◆ What is being asked ◆
Output, exactly and with no pictures, the line that contains "Majority Say Student" and every line that comes after it in the data below, the last one included.

◆ Provided material ◆
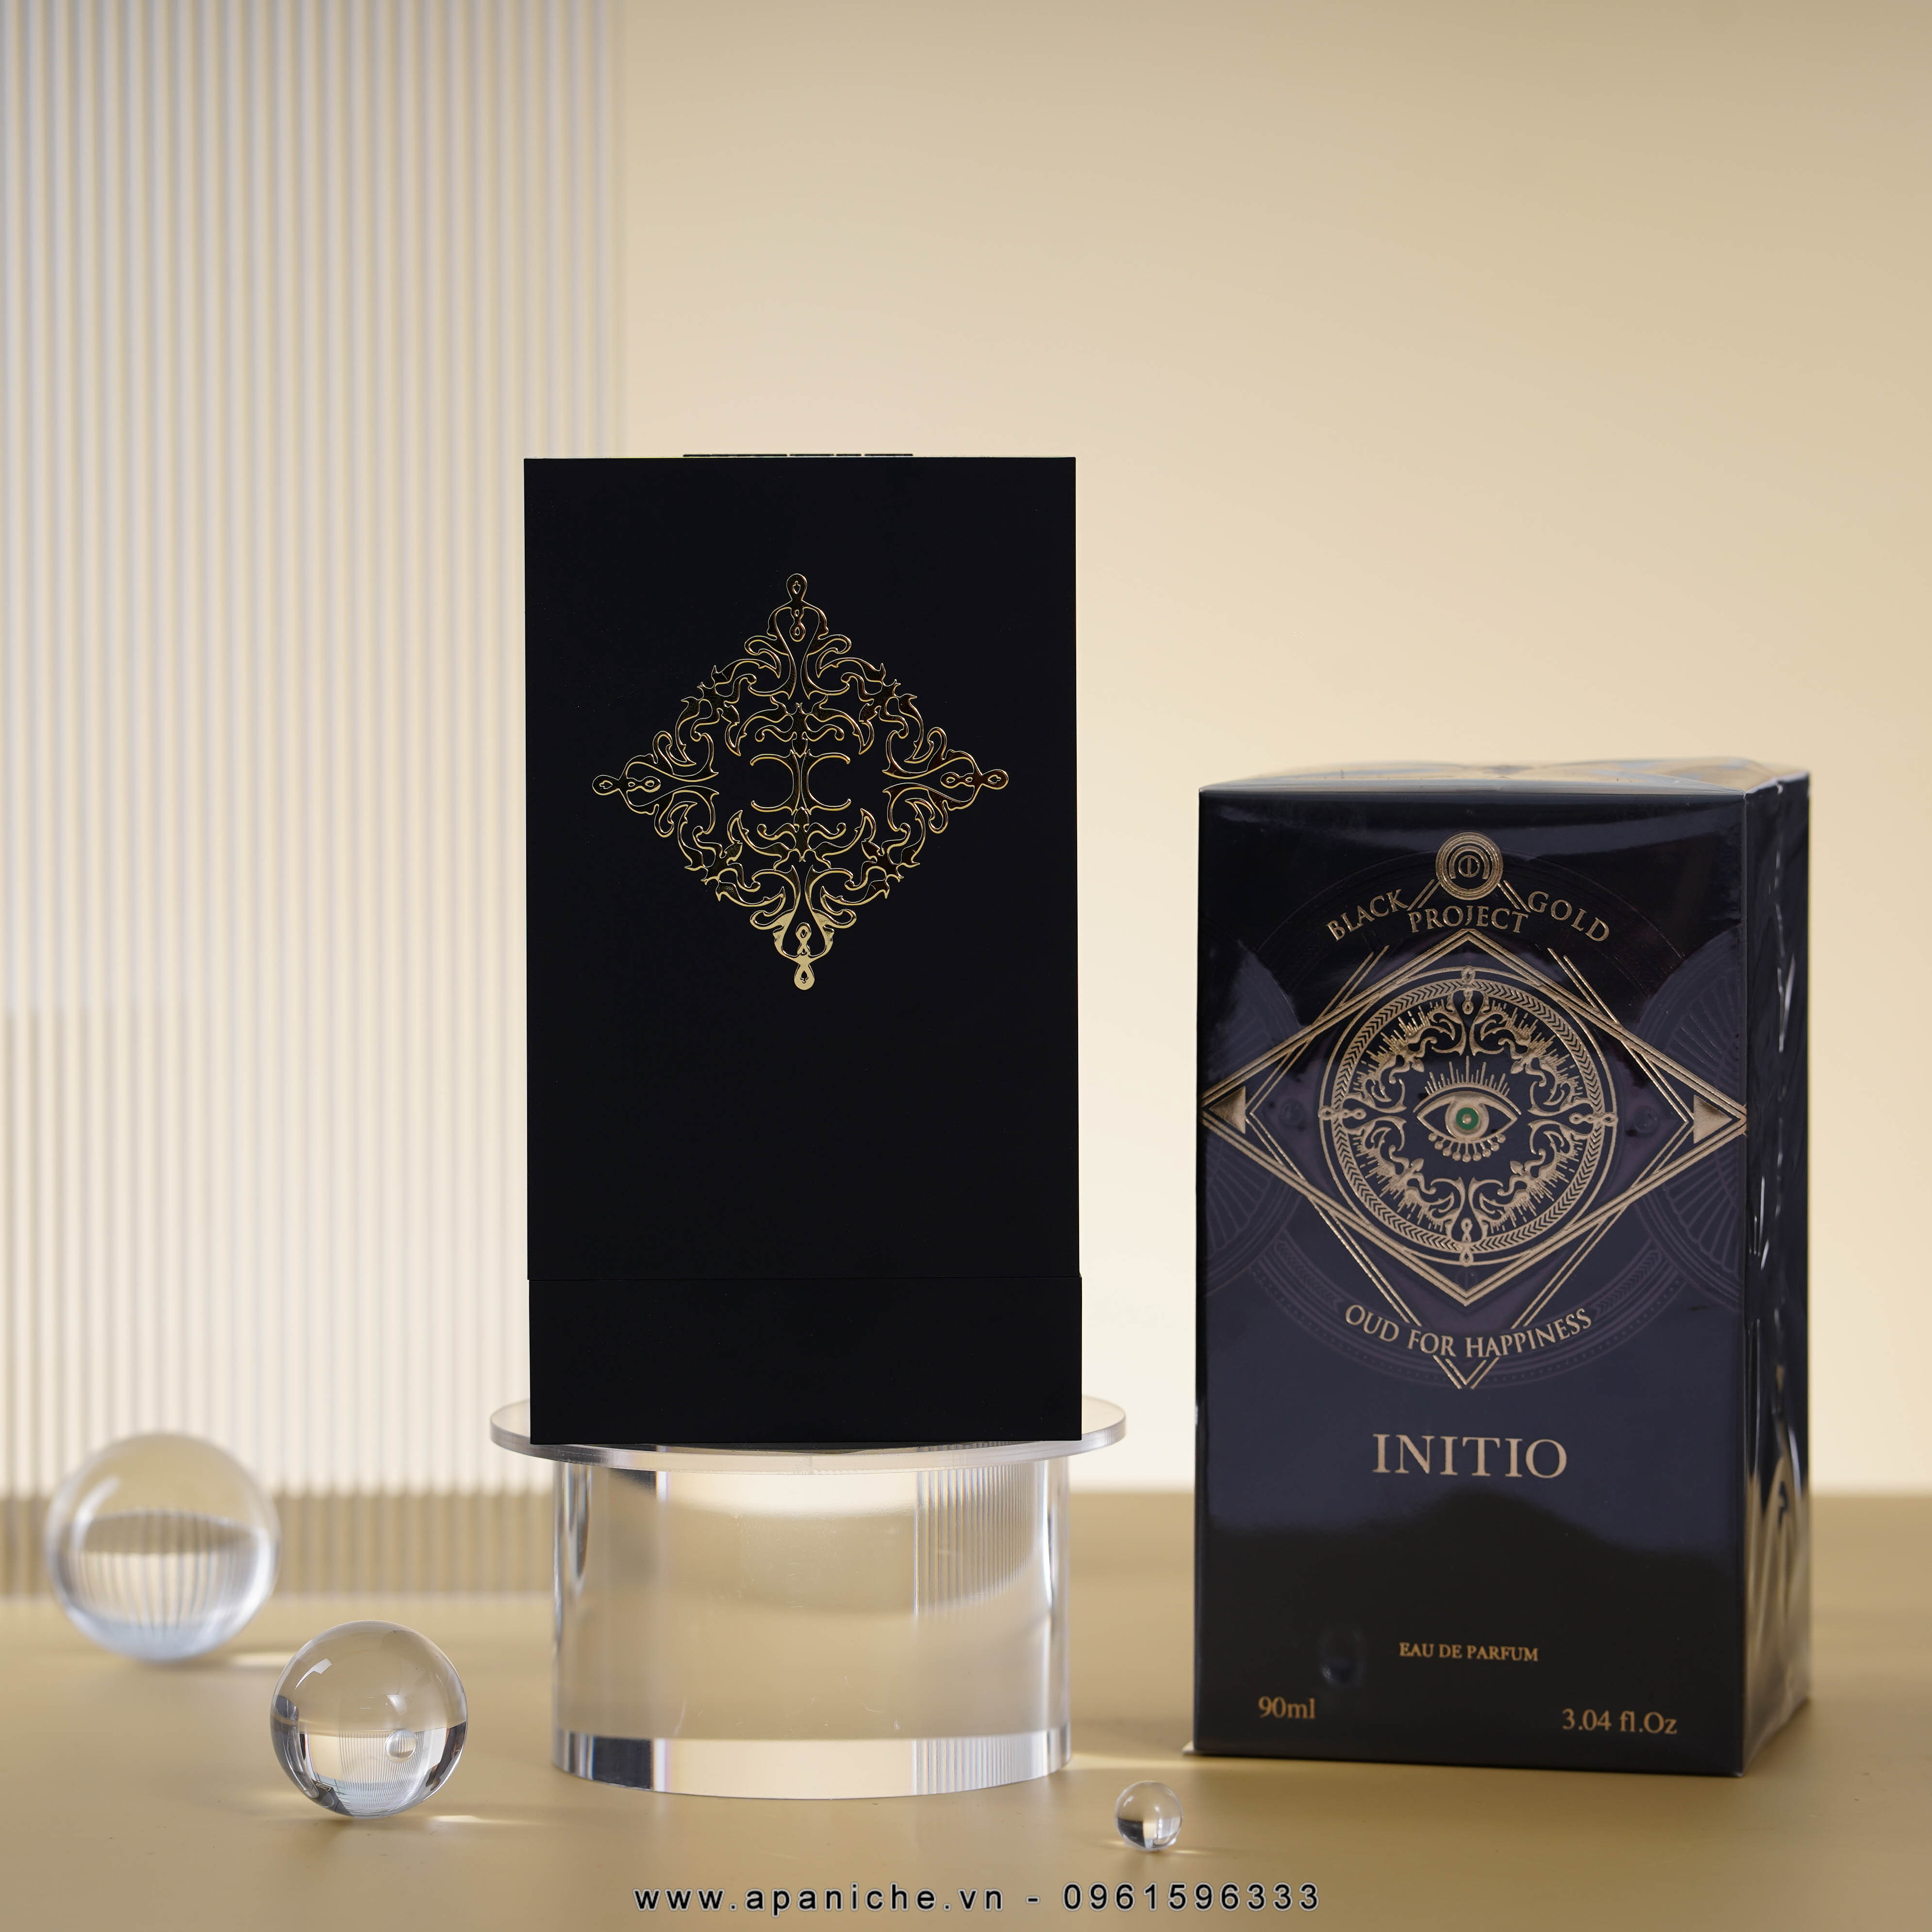 Initio-Parfums-Prives-Oud-For-Happiness-EDP-tai-ha-noi
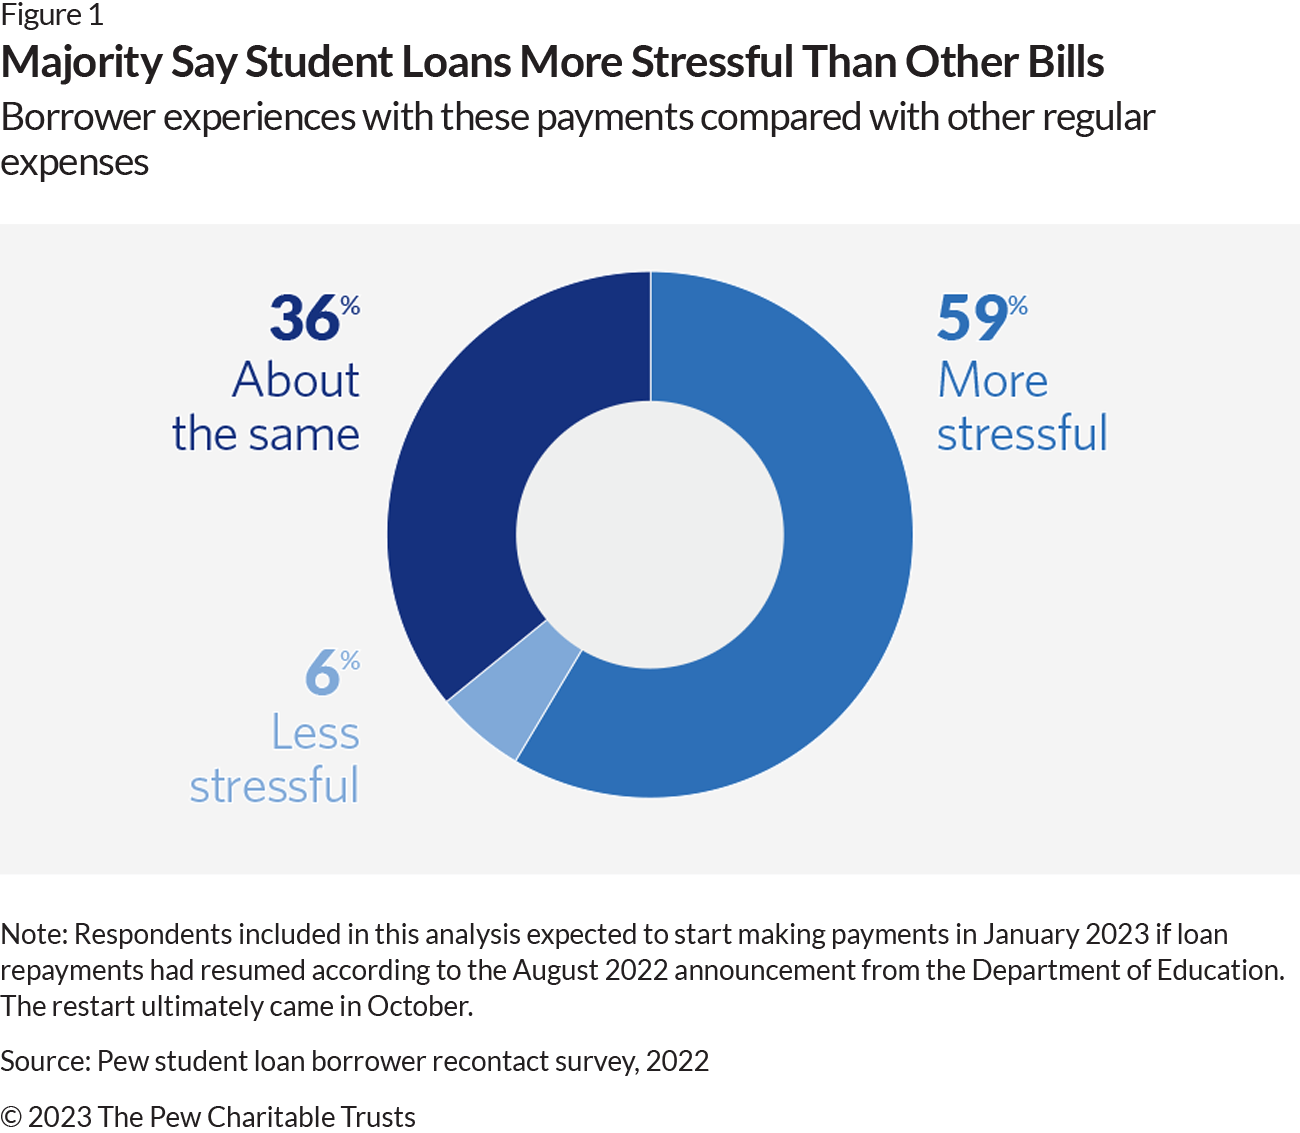 Majority Say Student Loans More Stressful Than Other Bills: Borrower experience with these payments compared with other regular expenses: 59% More stressful, 36% About the same, and 6% Less stressful
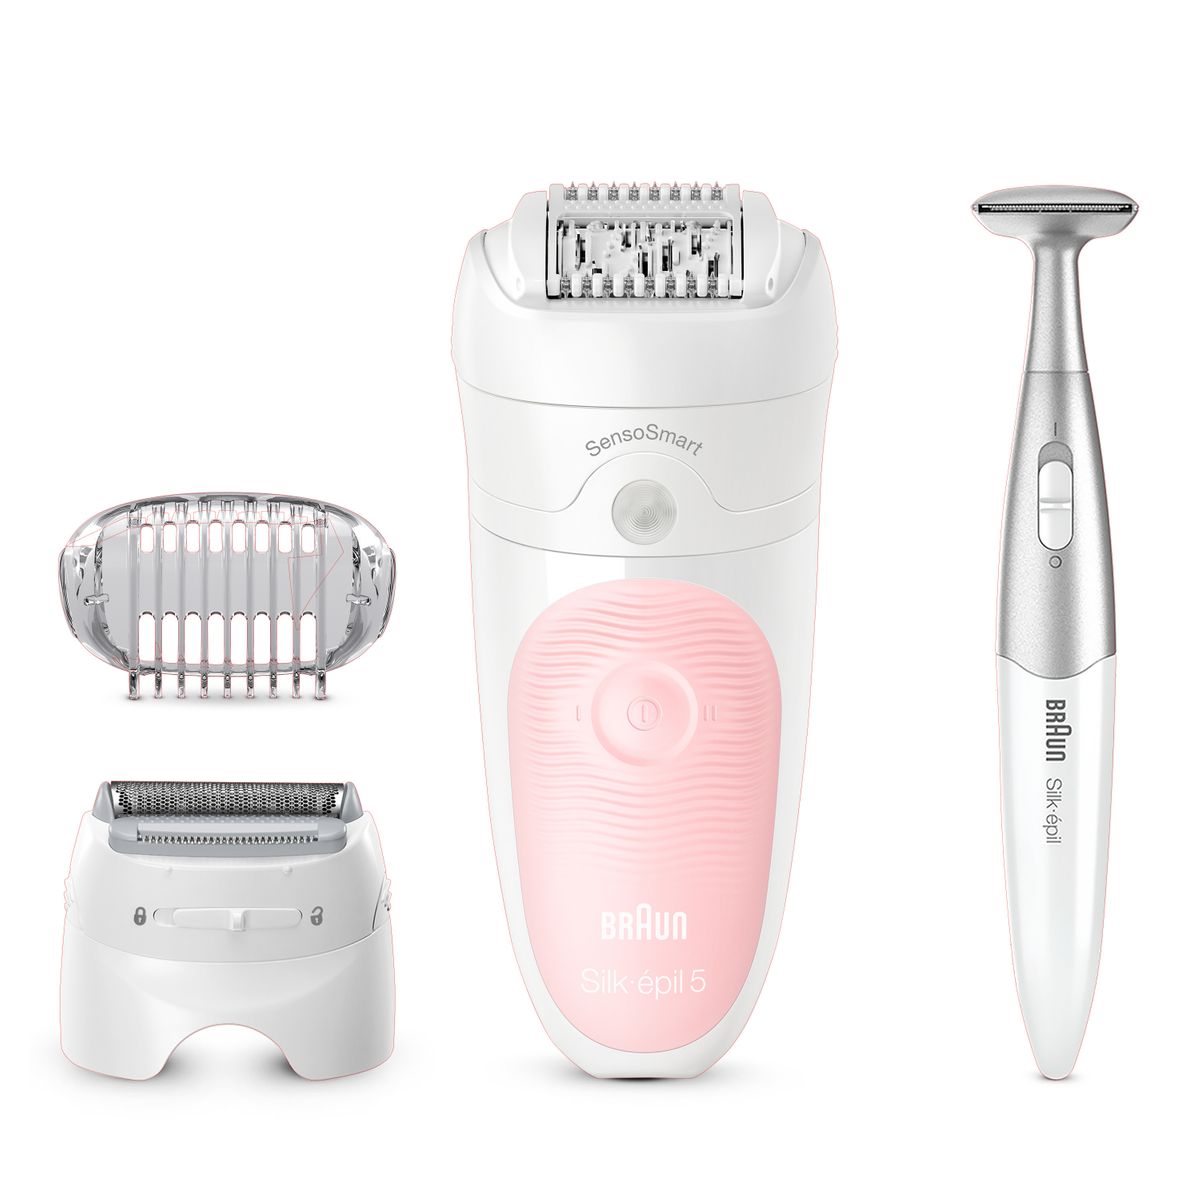 Braun Silk-epil 5 beauty set, epilator ladies for hair removal, attachments for shaver, trimmer and massage for body, incl. bikini trimmer, bag, gift for women, flamingo 5-820 single.

◆ Solved exercise ◆
 Majority Say Student Loans More Stressful Than Other Bills: Borrower experience with these payments compared with other regular expenses: 59% More stressful, 36% About the same, and 6% Less stressful
 Braun Silk-epil 5 beauty set, epilator ladies for hair removal, attachments for shaver, trimmer and massage for body, incl. bikini trimmer, bag, gift for women, flamingo 5-820 single.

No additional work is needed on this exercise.